Improving Bird's Eye View Semantic Segmentation by Task Decomposition

Tianhao Zhao · Yongcan Chen · Yu Wu · Tianyang Liu · Bo Du · Peilun Xiao · shi qiu · Hongda Yang · Guozhen Li · yi yang · Yutian Lin

Arch 4A-E Poster #87
[ ]
Thu 20 Jun 5 p.m. PDT — 6:30 p.m. PDT


Semantic segmentation in bird’s eye view (BEV) plays a crucial role in autonomous driving. Previous methods usually follow an end-to-end pipeline, directly predicting the BEV segmentation map from monocular RGB inputs. However, the challenge arises when the RGB inputs and BEV targets represent distinct perspectives, making the direct point-to-point translation hard to optimize. In this paper, we decompose the original BEV segmentation task into two stages, namely BEV map reconstruction and cross-view feature alignment.

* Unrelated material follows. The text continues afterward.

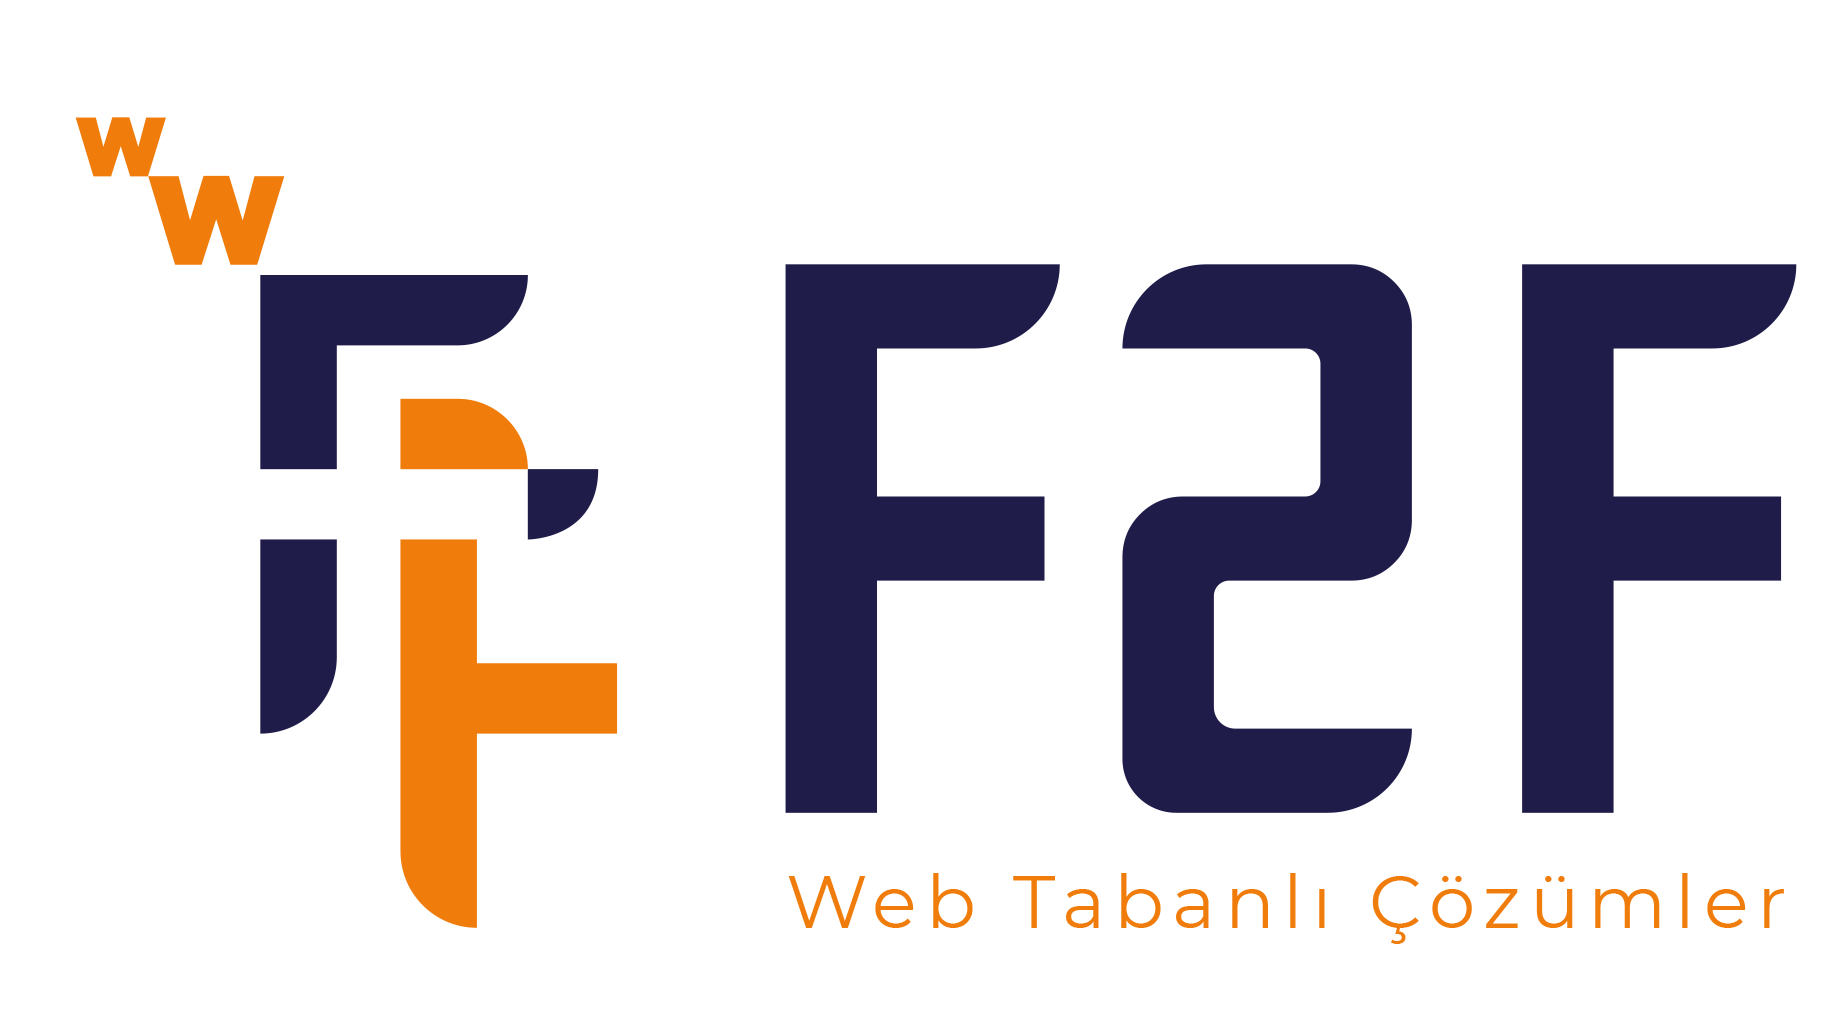 F2F Bilişim Web Tasarım Çözümleri

In the first stage, we train a BEV autoencoder to perfectly reconstruct the BEV segmentation label maps given corrupted noisy latent representation, which urges the decoder to learn fundamental knowledge of typical BEV scene patterns. The second stage involves mapping RGB input images into the pretrained BEV latent space of Stage I, directly optimizing the correlations between the two views at the feature level. Our approach simplifies the complexity of combining perception and generation into a single step, equipping the model to handle intricate and challenging scenes effectively. Besides, we propose to transform the BEV segmentation map from the Cartesian coordinate system to the polar coordinate system. This conversion allows us to correspond each RGB image column directly to BEV segmentation targets, one by one. Extensive experiments on the nuScenes and Argoverse datasets show our model clearly outperforms state-of-the-art models.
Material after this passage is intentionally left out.